■ Instructions to follow
When you reach the line holding "7 Ways to Shut" in the material below, return that line and each one after it, word for word, with the pictures dropped.

───── Supplied material ─────

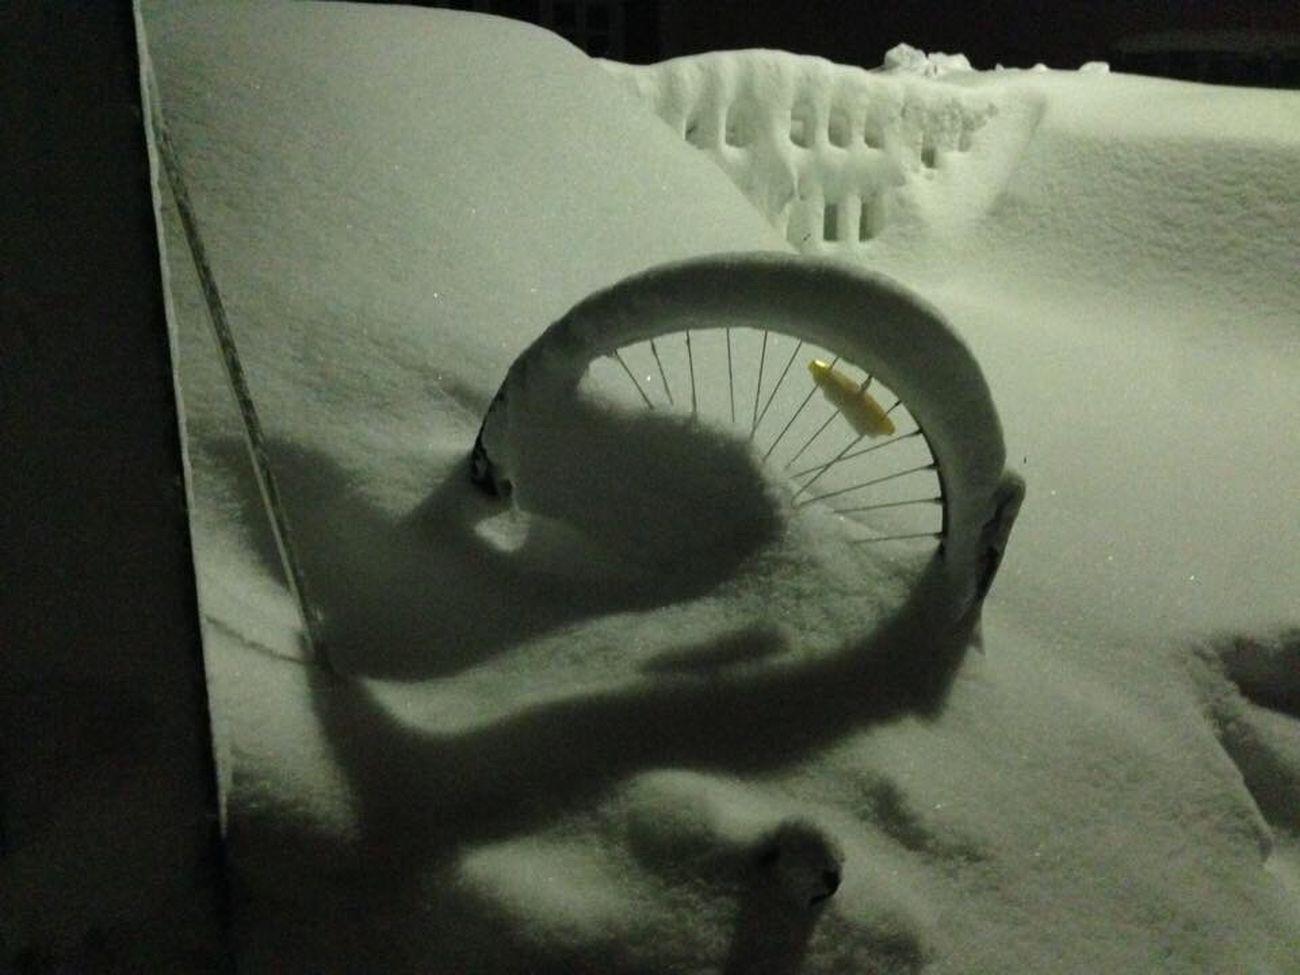 Bike Bikelife BikeNight Bikeswithoutlimits Bike In Nature Bike In The Storm Bike In The Snow Cold Winter ❄⛄ Snowcapped This Week On Eye Em
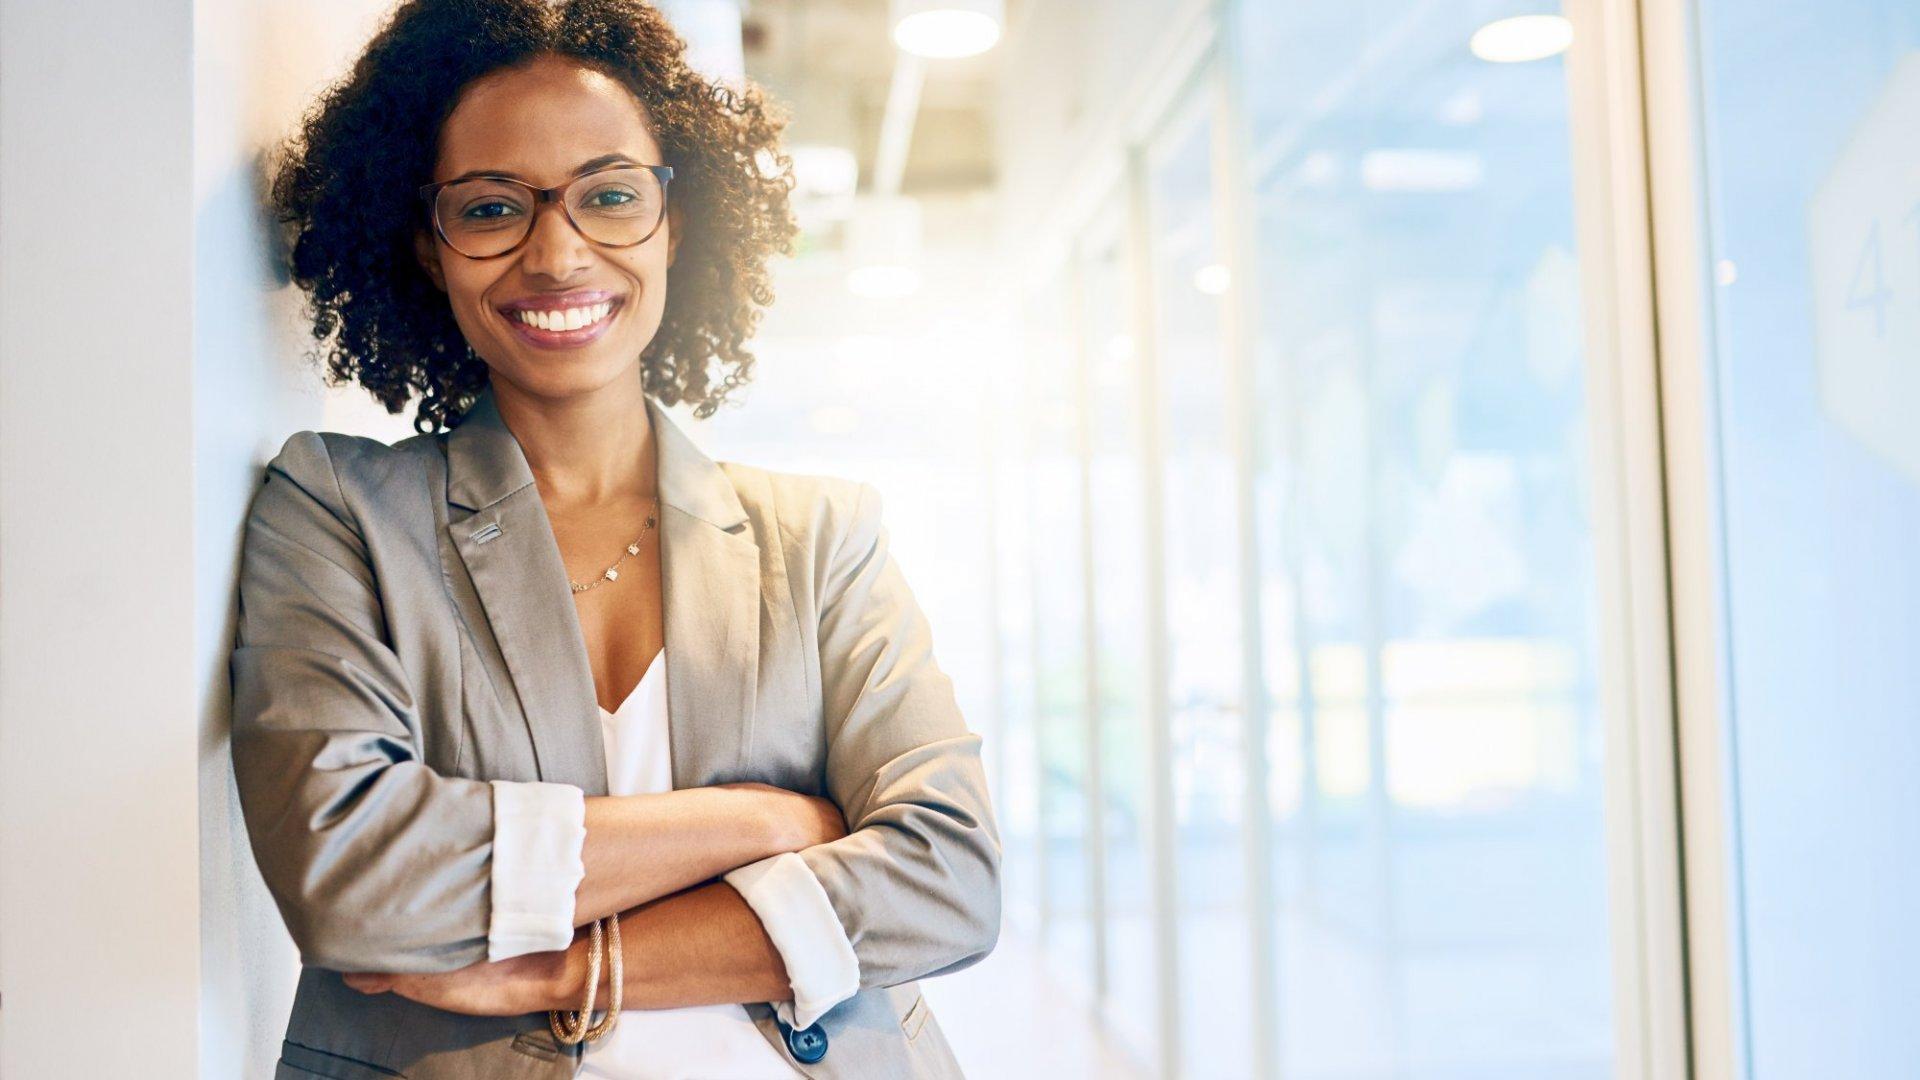 7 Ways to Shut Down Negative Self-Talk and Regain Confidence
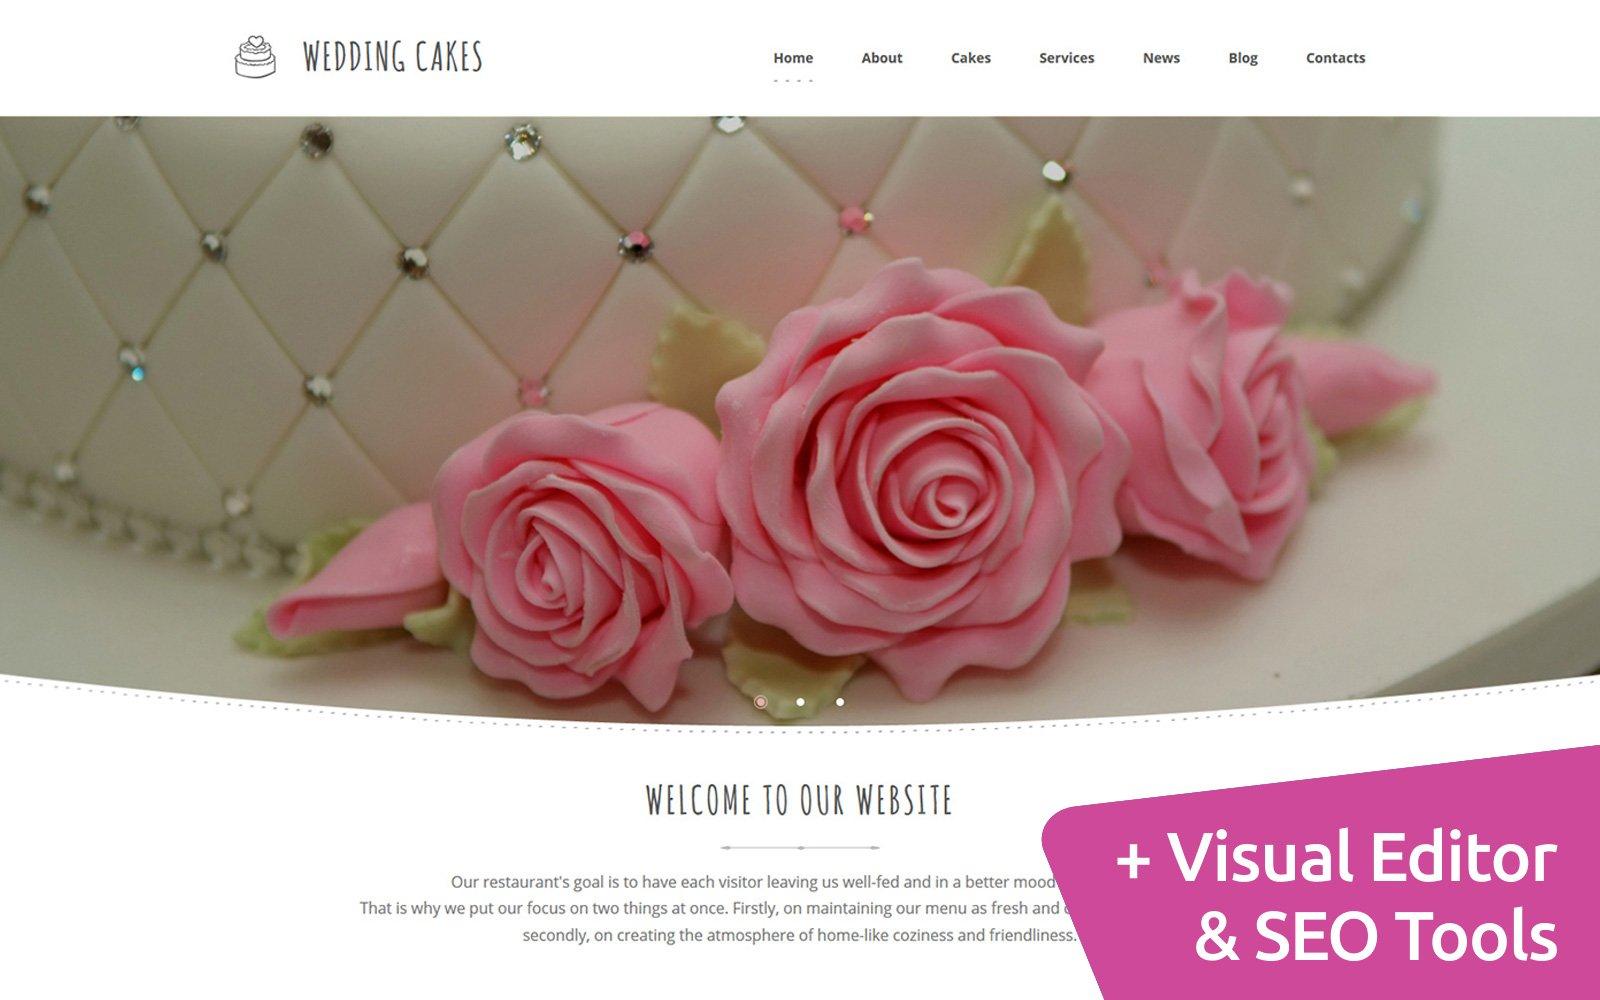 Wedding Cakes Templates Moto CMS 3 №59138
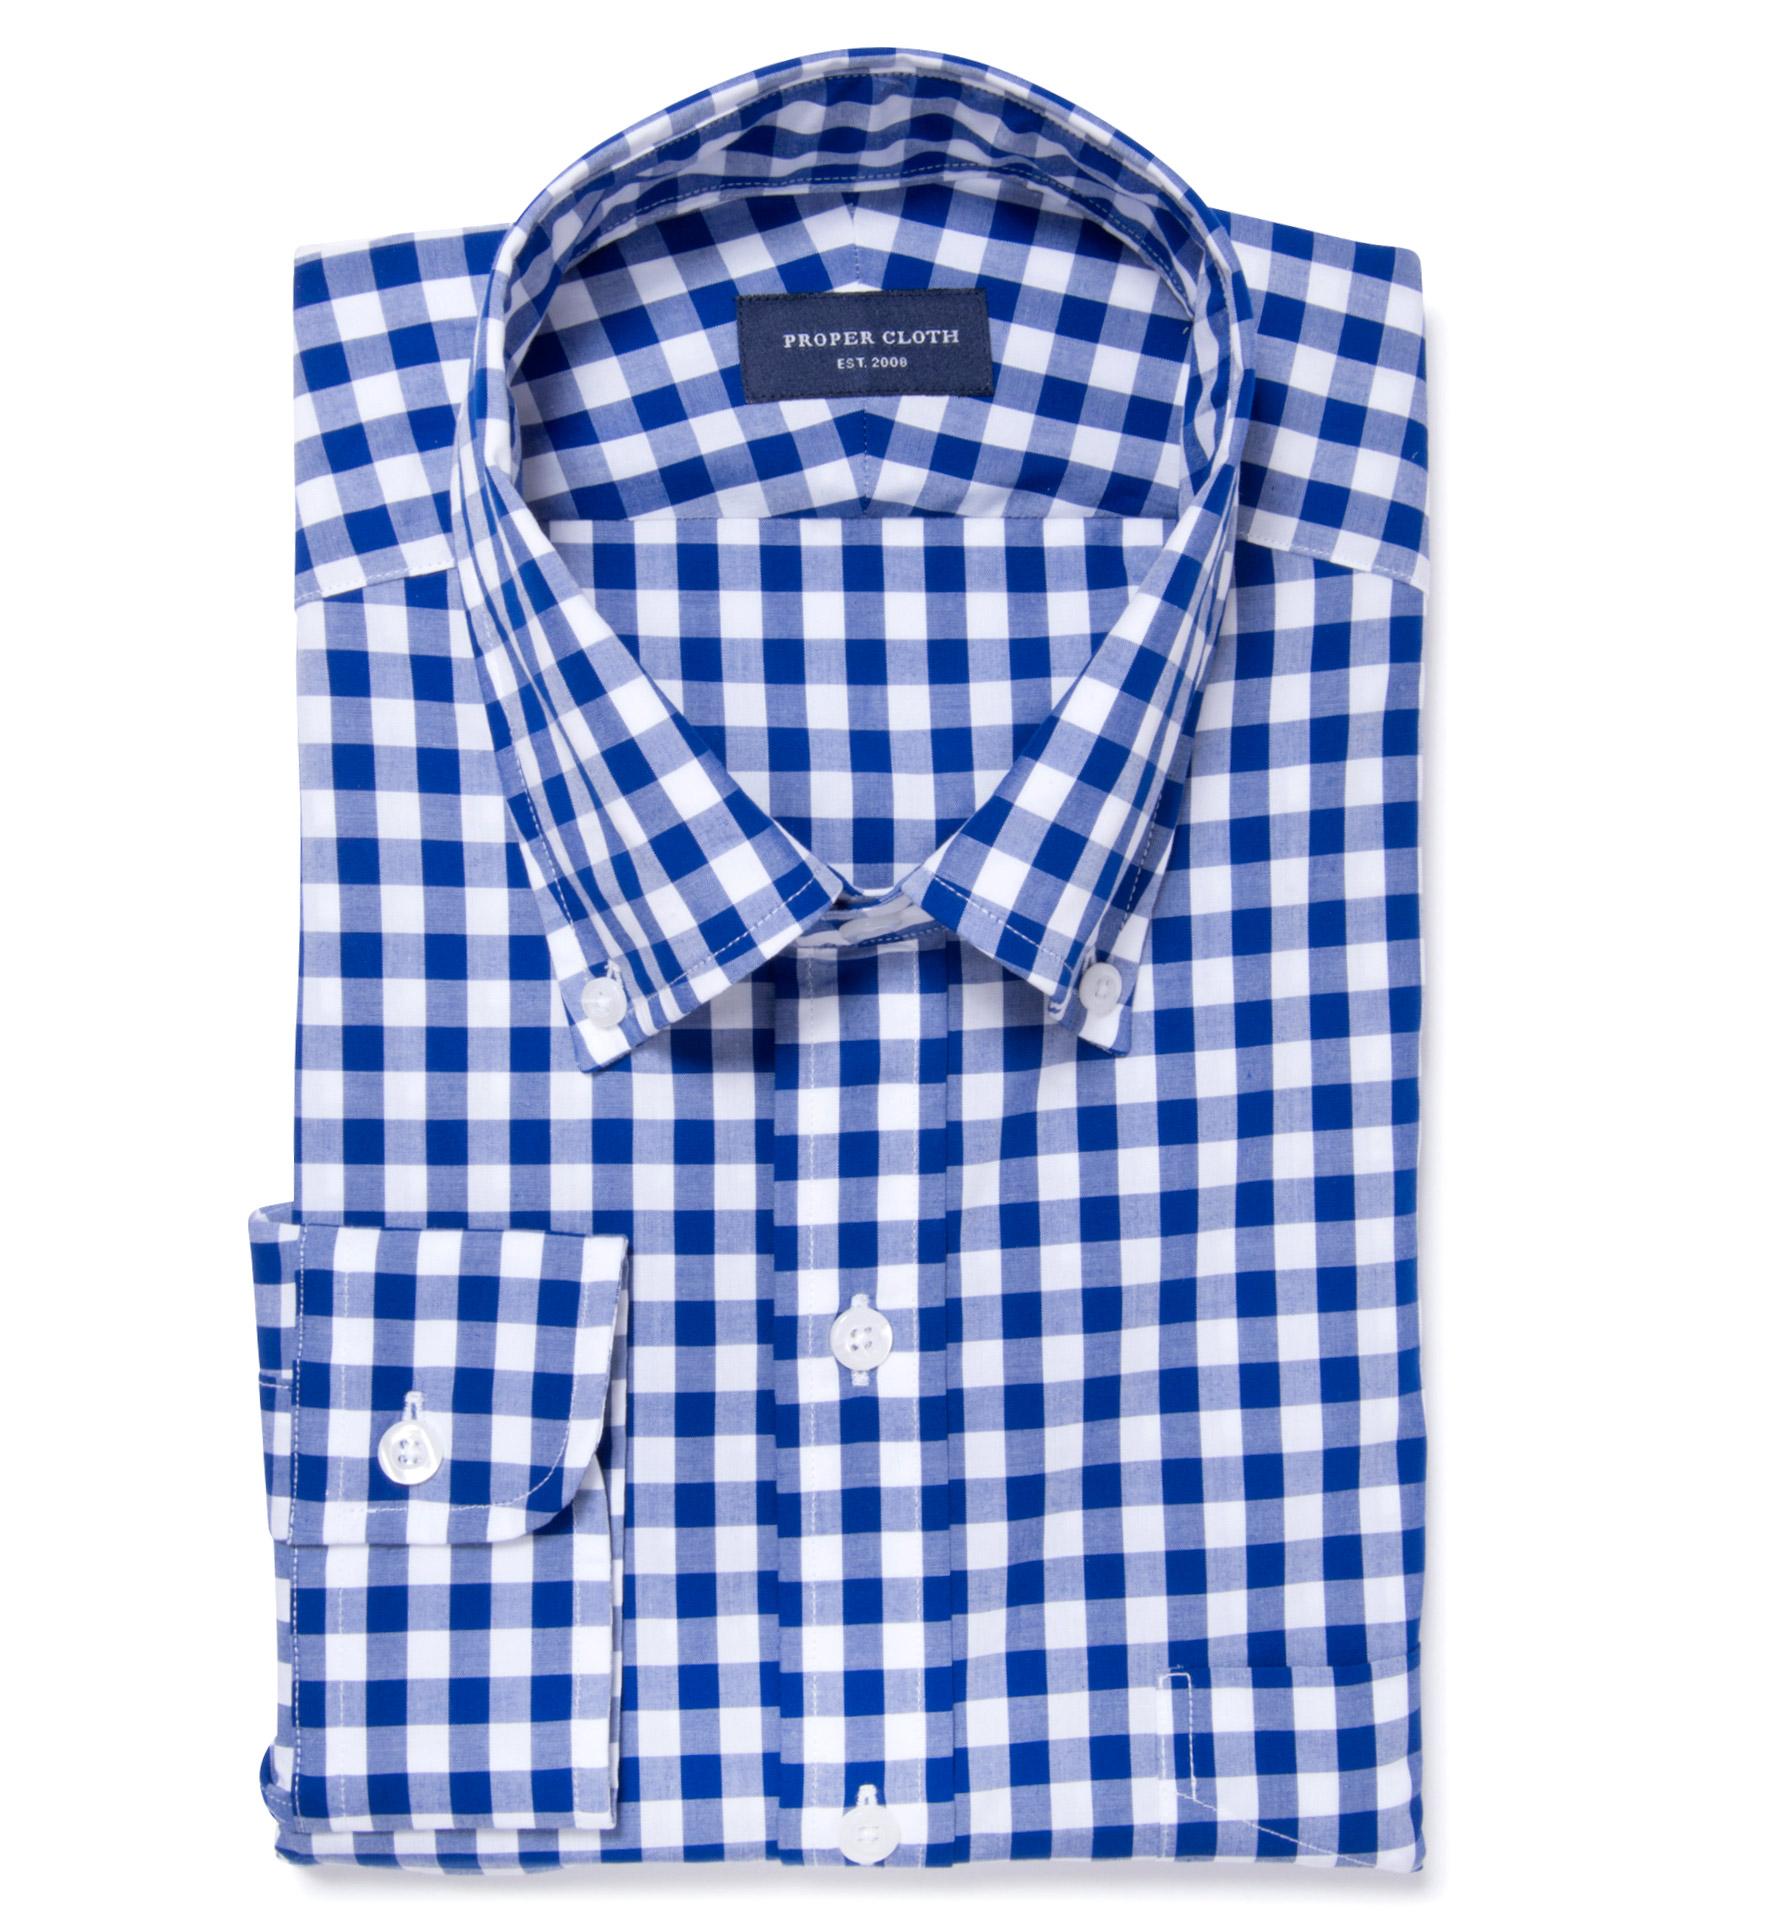 Blue Mens Shirts  Blue Shirts for Men  Next Official Site

─────

■ Your solution
 7 Ways to Shut Down Negative Self-Talk and Regain Confidence
 Wedding Cakes Templates Moto CMS 3 №59138
 Blue Mens Shirts  Blue Shirts for Men  Next Official Site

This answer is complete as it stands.